I've a SLES 11 SP4, OES 2015.1 system that has been giving me trouble for a while. eDirectory will stop responding at random times, I can stop the service via command (rcndsd stop). This process can take up to ten minutes or so to complete, the log file says this "WARNING: ndsd process is still running. Killing ndsd." I can start it back up and everything is good. It can run for a couple of months or the next day it will stop again. Over time it has become more frequent (every 4 to 6 months to every week or two) so I put in a cron job to restart eDirectory every weekend and this has prevented most problems however it can restart one weekend and the following Monday or Tuesday it might stop responding again.
I also have noticed over time that when eDirectory is starting to misbehave, login times start increasing for some people, others it seems to work ok and a lot people can not login at all. I could always tell in the past when looking at the server processes (top command) ndsd would eat alot of CPU. I've have noticed recently though when this problem occurs the CPU usage by ndsd is really not that bad.
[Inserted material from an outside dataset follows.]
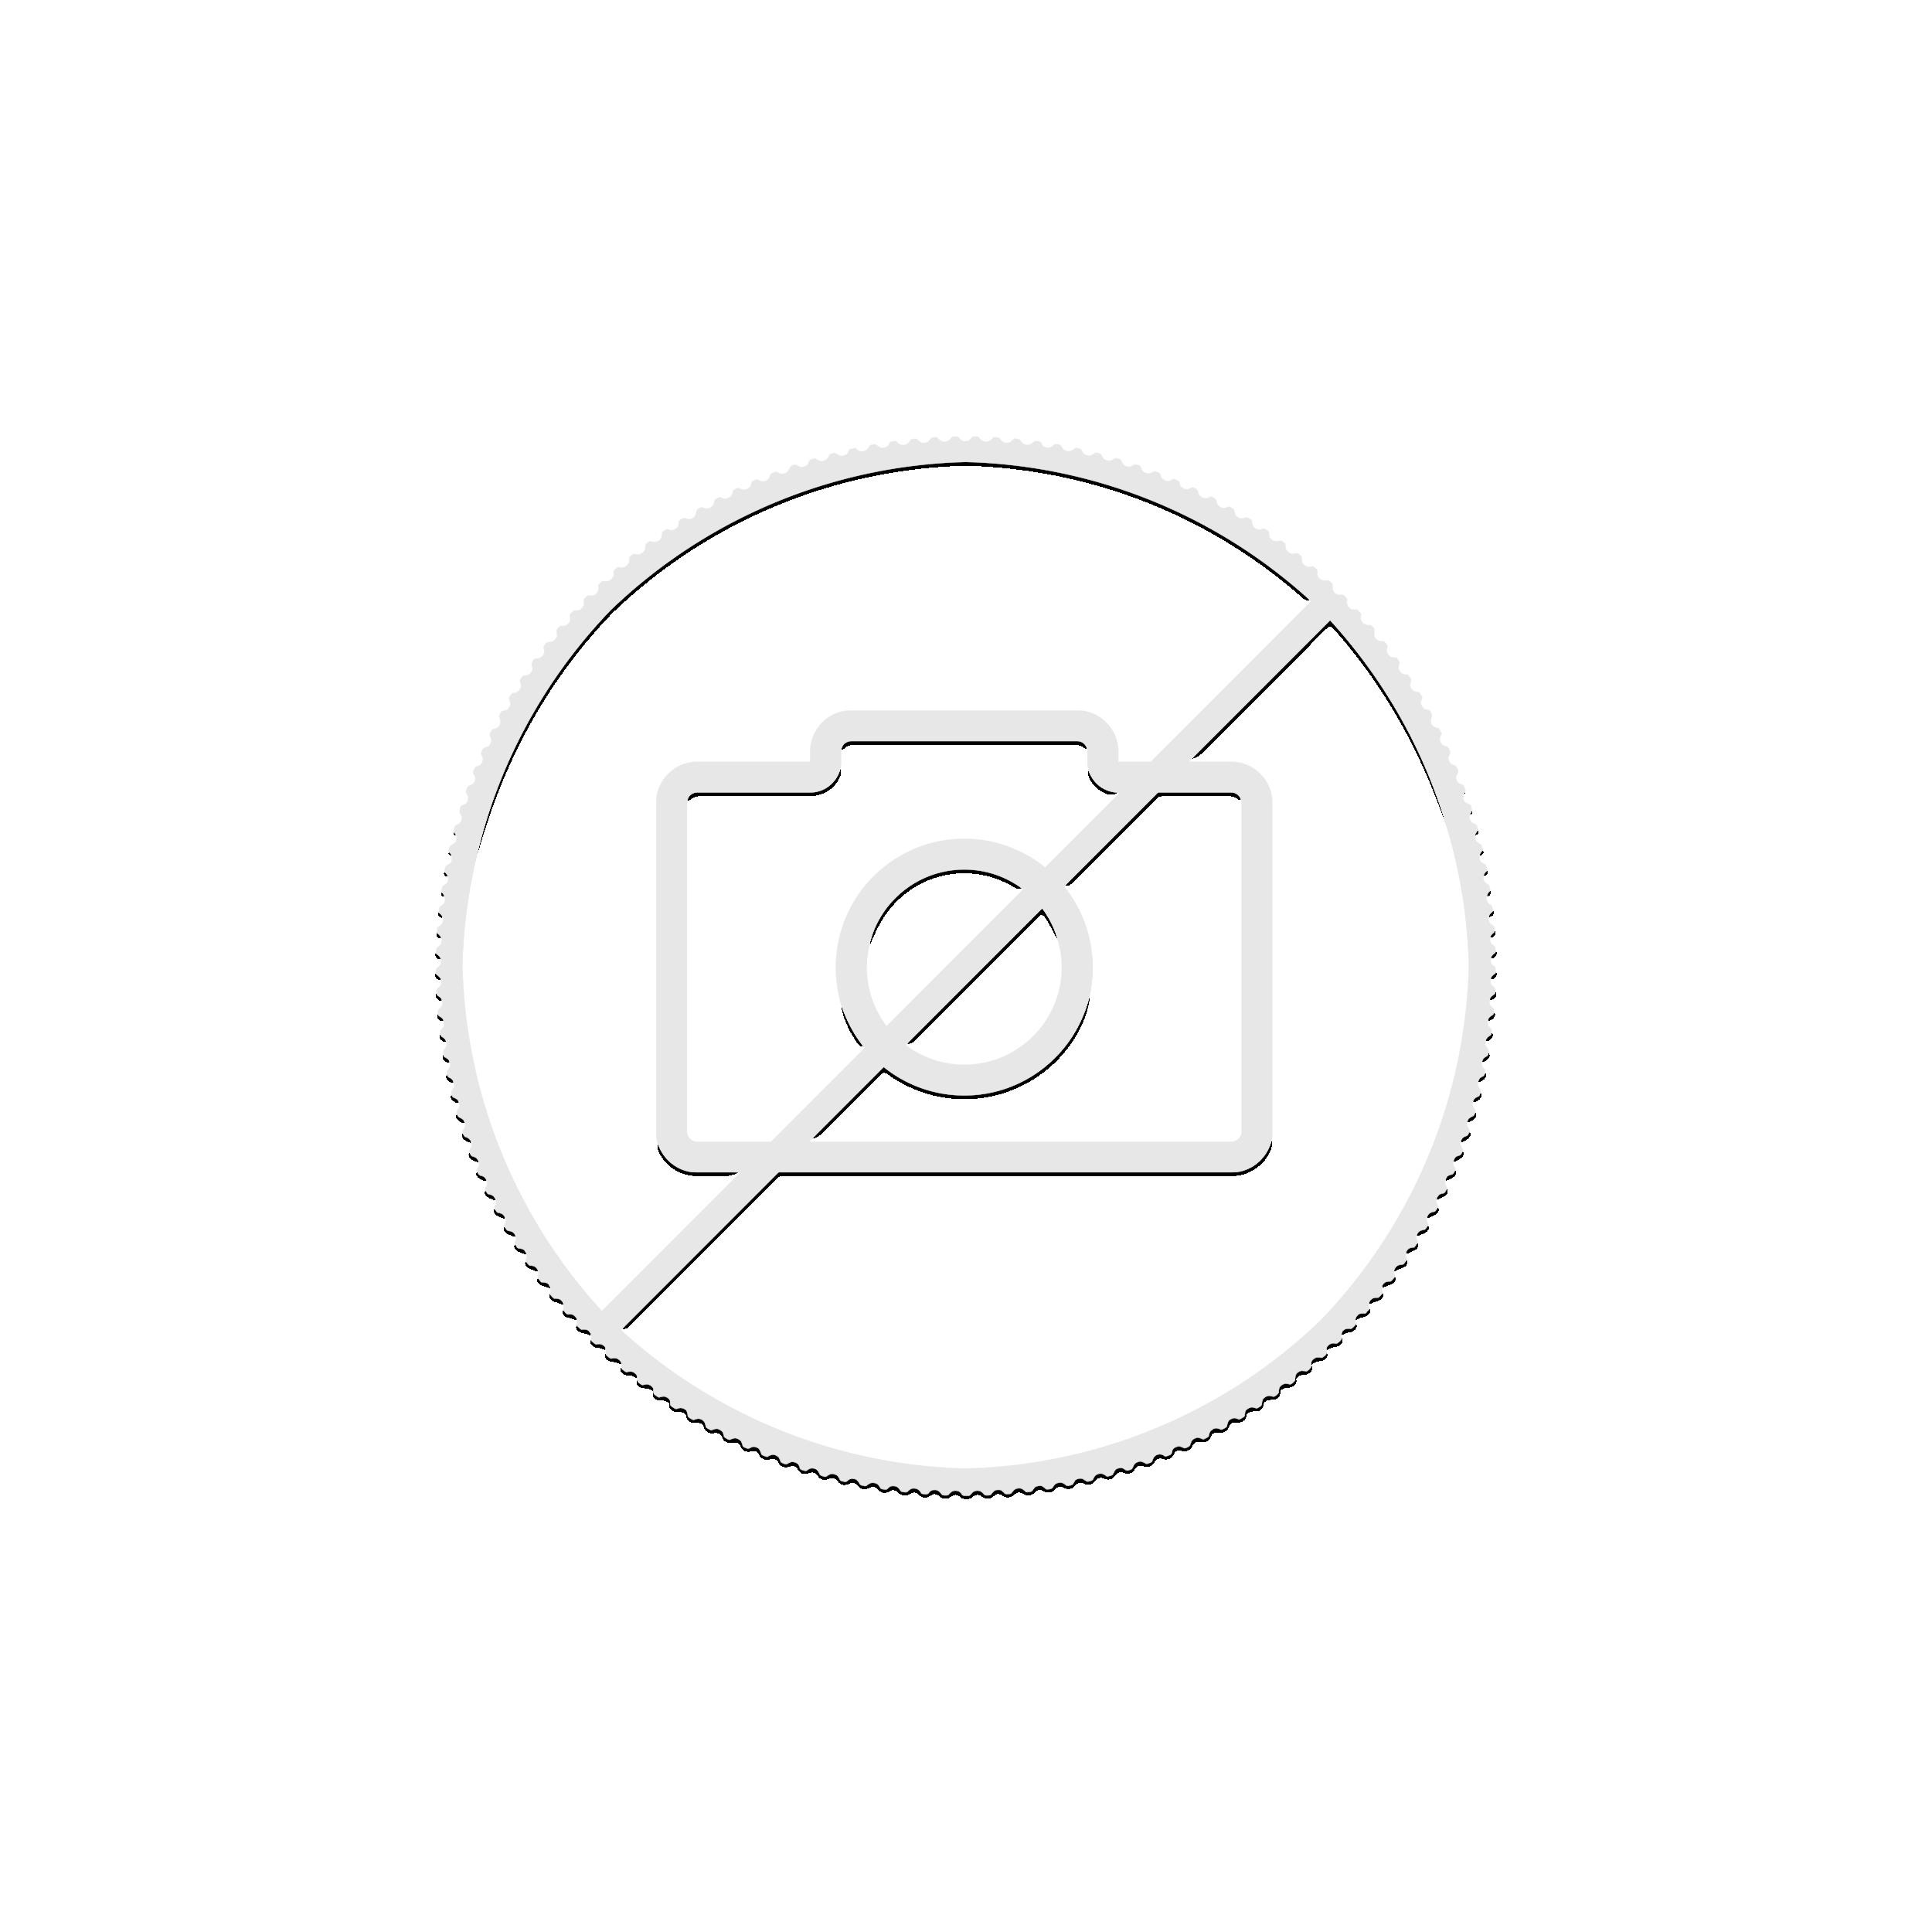 1 Troy ounce zilveren muntbaar Rectangular Dragon 2020 - box

We only have about 1200 users and 700 workstations. The system is the master replica, a VM with 4 threads and 11GB ram. This was an issue even before it was converted from a bare metal system to a VM a few years ago. This server is in a replica read write ring with 3 other servers and only has DS, LDAP, Storage Manager and iManager running on it. The other servers have never had an issue, they also have printers (iPrint), Storage manager, and NSS volumes for our users. Ndsd seems to be pretty quiet most of the time and will have relatively high CPU usage every once and a while for a short period so I don't think its a load issue.
We have a Zenworks 2018 system, an iBoss web filter, a Groupwise system and a few other systems that all hit this server. The "other systems" really don't have very many transactions. By far the most frequent hits are from Zenworks and our iBoss web filter. I used an LDAP trace from this document 7007106 to get some info.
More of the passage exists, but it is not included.